Jakarta – An Indonesian court has been asked to sentence 14 East Timorese to one year in jail for taking part in an anti-Indonesia protest during a visit by a U.N. envoy in March, the official Antara news agency reported on Wednesday.

Government prosecutors urged the Dili State Court in the East Timor capital to jail the defendants for separatist activities, by protesting outside a hotel where U.N. special envoy Jamsheed Marker was staying.

A total of 33 East Timorese youths were arrested during the protest. On Tuesday, prosecutors asked the same court to sentence 19 East Timorese to one year in jail each on the same charges.

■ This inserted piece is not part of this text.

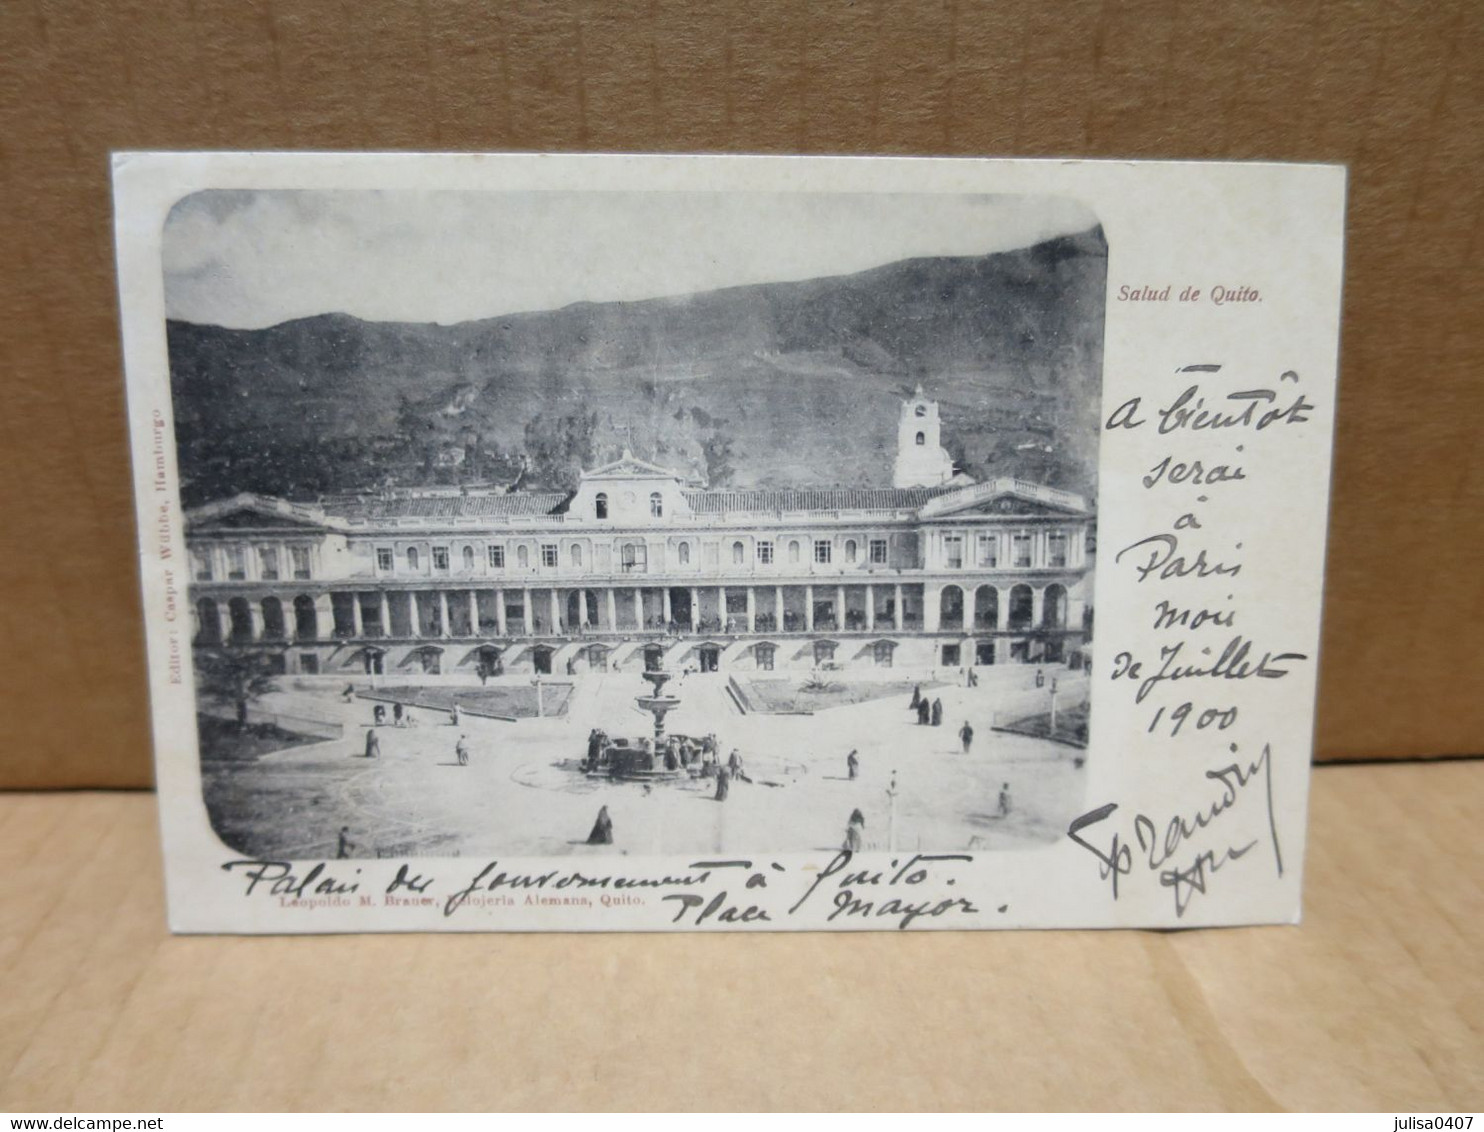 QUITO (Equateur) Place Palais 1900 - Ecuador

Antara gave no further details.

Residents said demonstrators tried to meet Marker over frustrations that he was to see only government officials and Nobel Peace laureate Bishop Carlos Belo during his three-day visit to the territory.

Indonesia invaded East Timor, a former Portuguese colony, in 1975 and annexed it the following year in a move not recognised by the United Nations.

Armed guerrillas in the hills of East Timor and a clandestine movement in urban areas still oppose Jakarta's rule.

On Monday Indonesia dismissed a proposal from a rebel leader to give East Timor a relationship with Jakarta similar to that which Puerto Rico enjoys with the United States.

Puerto Rico has almost total autonomy in its affairs with just foreign relations and defence the province of the U.S. government.